Together, these results show that SLI1 is a novel phloem protein involved in both aphid resistance and heat stress tolerance and suggest that the parietal phloem layer contributes to both of these processes.


 Froelich, D.R., Mullendore, D.L., Jensen, K.H., Ross-Elliott, T.J., Anstead, J.A., Thompson, G.A., Pélissier, H.C., and Knoblauch, M. (2011). Phloem ultrastructure and pressure flow: sieve-element-occlusion-related agglomerations do not affect translocation. Plant Cell 23, 4428–4445.

 Kehr, J. (2006). Phloem sap proteins: their identities and potential roles in the interaction between plants and phloem-feeding insects. J. Exp. Bot. 57: 767–774.

 Kloth, K.J., Busscher-Lange, J., Wiegers, G.L., Kruijer, W., Buijs, G., Meyer, R.C., Albrectsen, B.R., Bouwmeester, H.J., Dicke, M., and Jongsma, M.A. (2017). SIEVE ELEMENT-LINING CHAPERONE 1 Restricts Aphid feeding on Arabidopsis During Heat Stress. Plant Cell: doi.org/10.1105/tpc.16.00424.

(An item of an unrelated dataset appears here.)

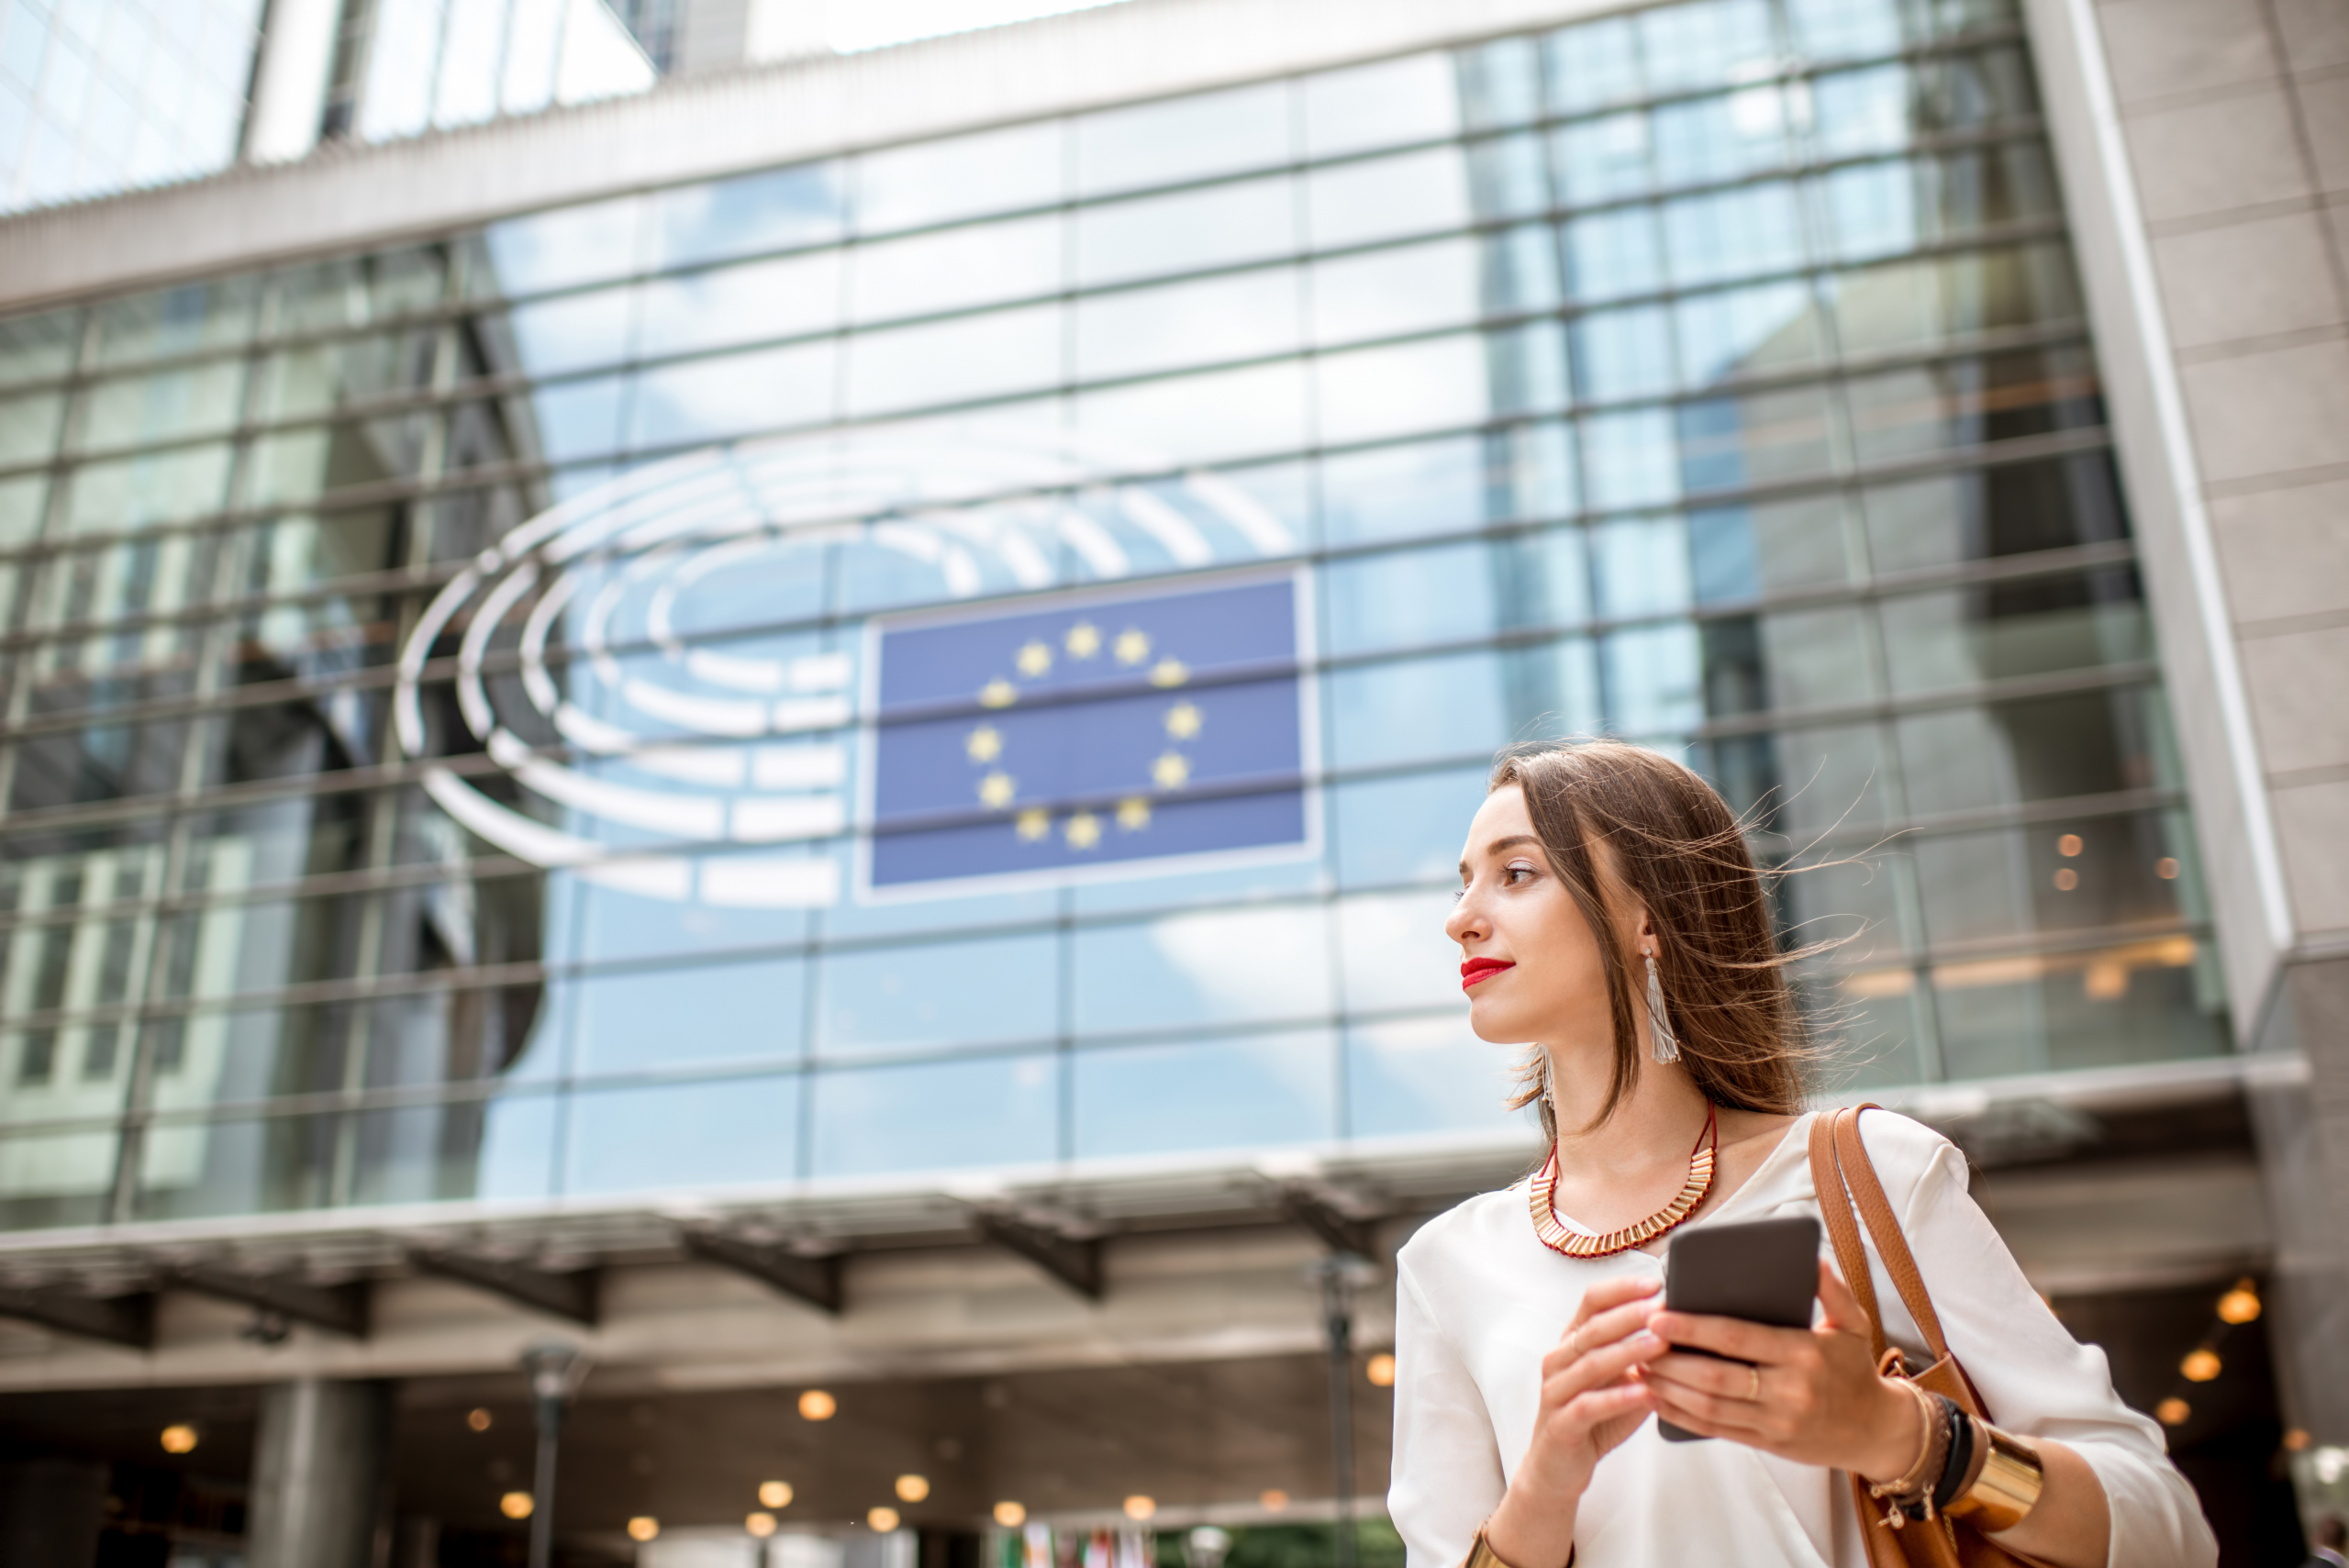 Frau in elegantem Business-Outfint steht vor Glasfront eines EU-Gebäudes.
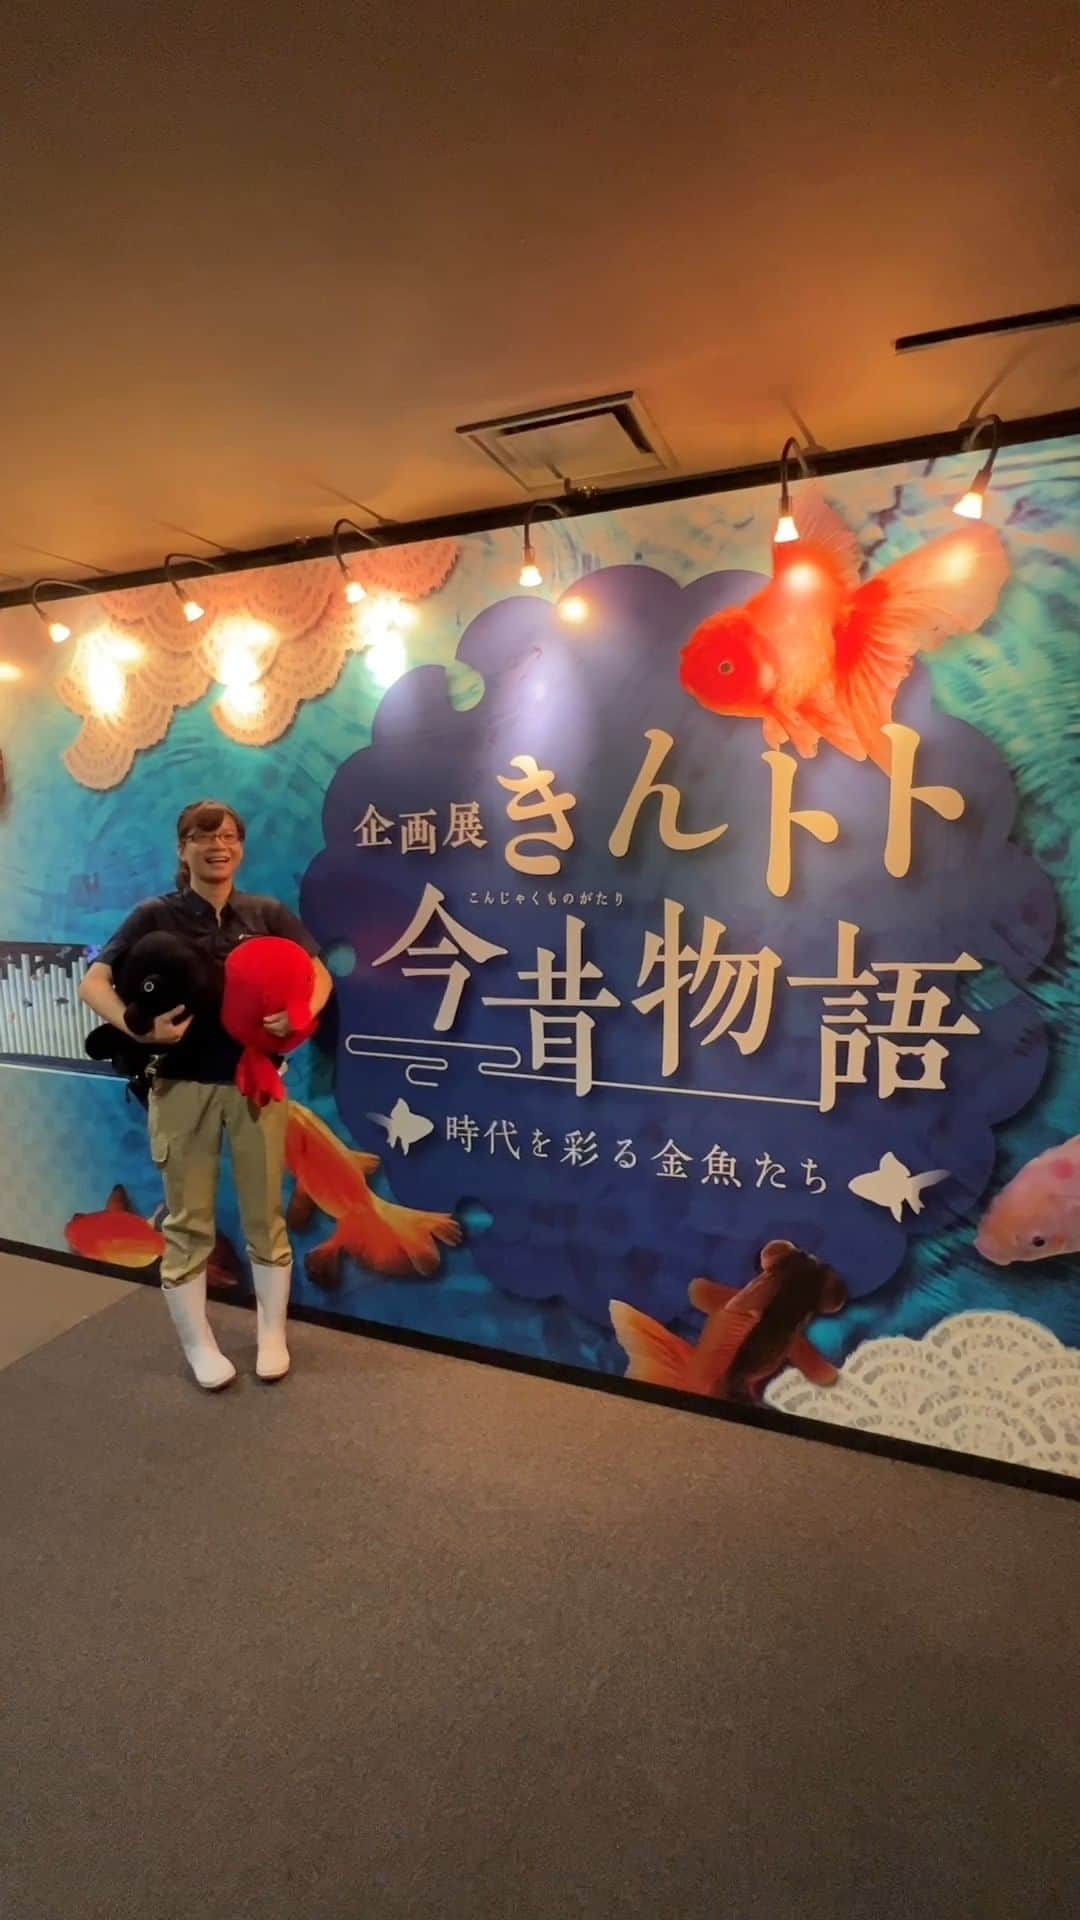 世界淡水魚園水族館 アクア・トト ぎふのインスタグラム

Medina-Ortega, K.J., and Walker, G.P. (2015). Faba bean forisomes can function in defence against generalist aphids. Plant Cell Environ. 38: 1167–1177.

Tjallingii, W.F. (1995). Regulation of phloem sap feeding by aphids. In Regulatory mechanisms in insect feeding, R.F. Chapman and G. de Boer, eds (New York: Chapman & Hall), pp. 190–209.

Zhang, C.L., Shi, H.J., Chen, L., Wang, X.M., Lu, B.B., Zhang, S.P., Liang, Y.A., Liu, R.X., Qian, J., Sun, W.W., You, Z.Z., and Dong, H.S. (2011). Harpin-induced expression and transgenic overexpression of the phloem protein gene AtPP2-A1 in Arabidopsis repress phloem feeding of the green peach aphid Myzus persicae. BMC Plant Biol. 11:11.